With the snowy weather coming to a halt (I say this immediately following a brief snow shower at the end of March, with a ton of sarcasm) we found our way to the dog park across the street from our apartment. It’s smell-free…who knew large-sized hamster mulch could kill the odor of dog poo…and chock full of nice people wanting to enjoy the outdoors with their pups. We followed in suit with Fritz and I thought to switch things up with my lens choice and challenge myself a tad. So we went through our typical scenario and when it came time to strap my camera across my chest, I rested on it my 70-200mm 2.8 lens.

It’s easy to get caught up in the monotony of life – photography is one of those things though that you really can’t get lazy with. You can’t just always do what you do – there have to be times when you take a different approach and try something different…break your own glass ceiling…be a risk-taker.

Go – be a rebel today. Do something you normally don’t do. You may surprise yourself in how refreshing it was for you personally and how beneficial it was to you photographically.

love (stepping outside of my self-created box),
jenifriend


the life we’re living and all it’s awesomeness

On Super Bowl Sunday we hosted a BYOT party, which was code for “bring your own toppings”. A pizza party in the making, we had a blast with family and friends. While we weren’t huge fans of either team playing, the opportunity to get together with people and get in some hearty laughter and catch-up time sounded very appealing to us.

So there we were…in our kitchen that really only fits two people comfortably, watching 5+ people dance among each other to the various pizza-making stations…in a living room that really only fits five people comfortably, watching 10+ people sit on armchairs, the floor, stools and smooshed together on the couch…in an apartment that we have made our home.

When I think back to where I was five years ago, dreaming about where I would be right now, this was it.
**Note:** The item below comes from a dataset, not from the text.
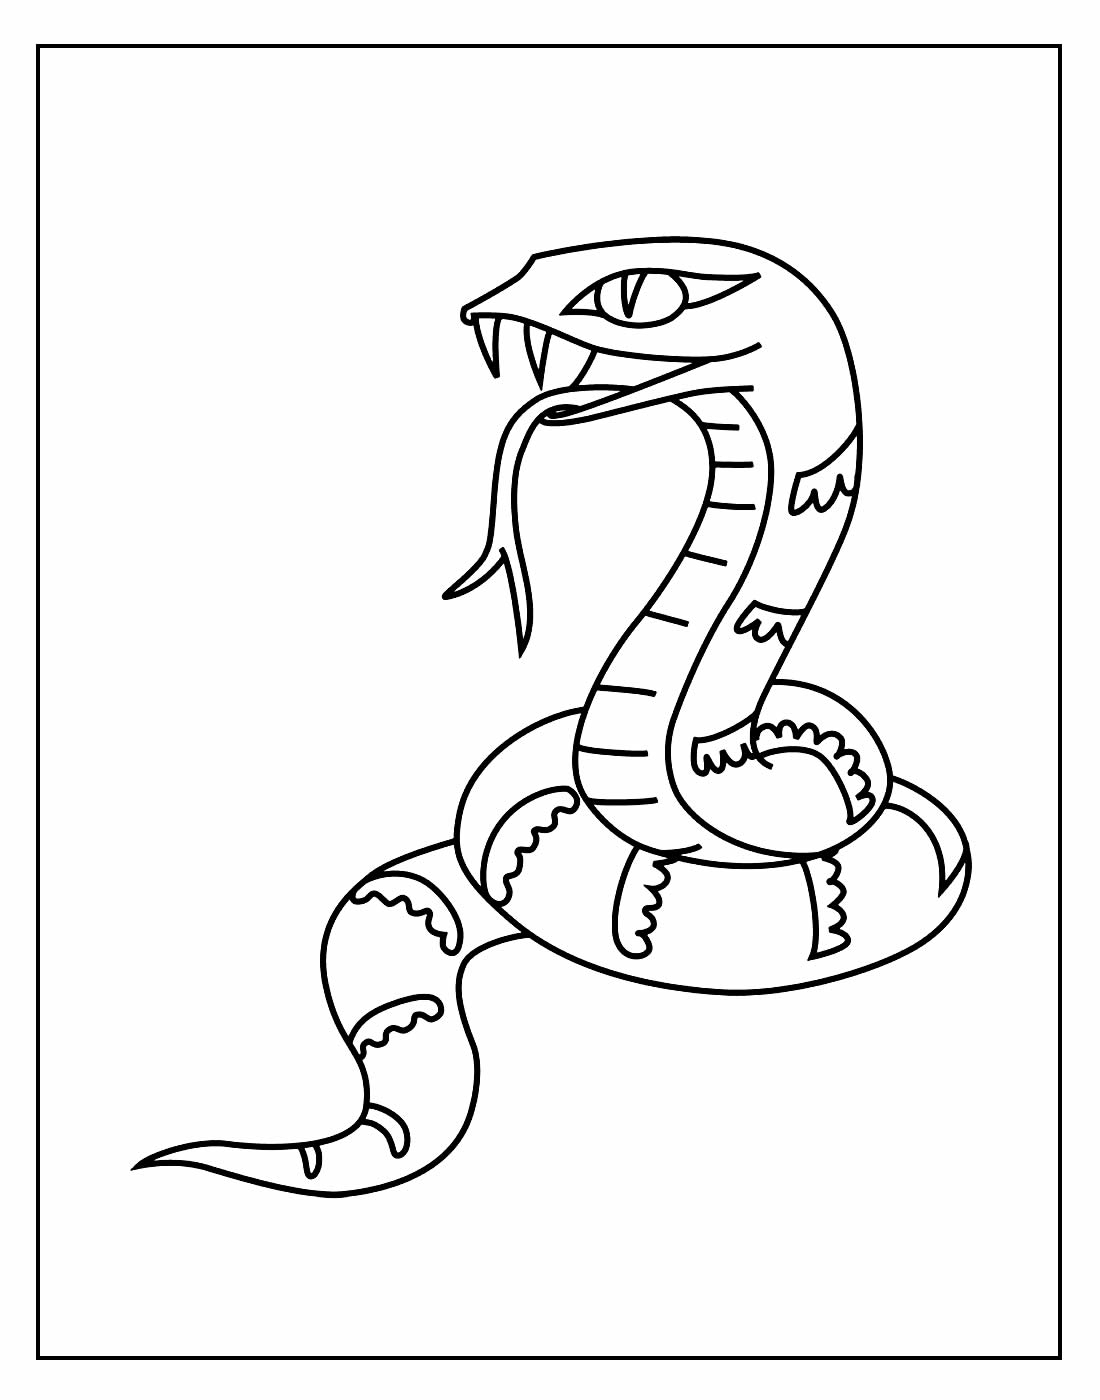 Змея рисунок раскраска

This was exactly where I wanted to be. How cool it is to know that God granted me such a wish. Like I told Jeff last night, “I feel like I won the lottery of love.”

Everyday I find a new reason to have my cup runneth over – today’s reason? My husband. Between you and I…secretly…he’s always my reason.

and for giggles…I made this of my always movin’ and groovin’ husband…you’ll have to click on the image to see him in action…apparently my blog site isn’t THAT cool.

Have a great weekend, everyone!

love (my painted man),
jenifriend


half-full and lookin’ like springtime

Okay. Perhaps the warm(er) weather is taking it’s toll on me. I’ll admit I have the bug – I’m more than excited to get outdoors and take advantage of this weather. Jeff and I stared at a cycling website for about 40 minutes out of sheer excitement for the rides we’re going to do this summer. And we made a pact…next June…we’re biking across Kansas. Eight days of Kansas-trekkage with my guy, small towns and communities, my Ipod and a camera…I can’t begin to explain how excited I am!

I have been playing with lighting and the embellishment of backgrounds lately and thought these two pictures appropriate for this blog post. I’m curious as to which you find the more appealing of the two.

Happy Thursday all!! One more day until this beautiful weekend commences…yippee!!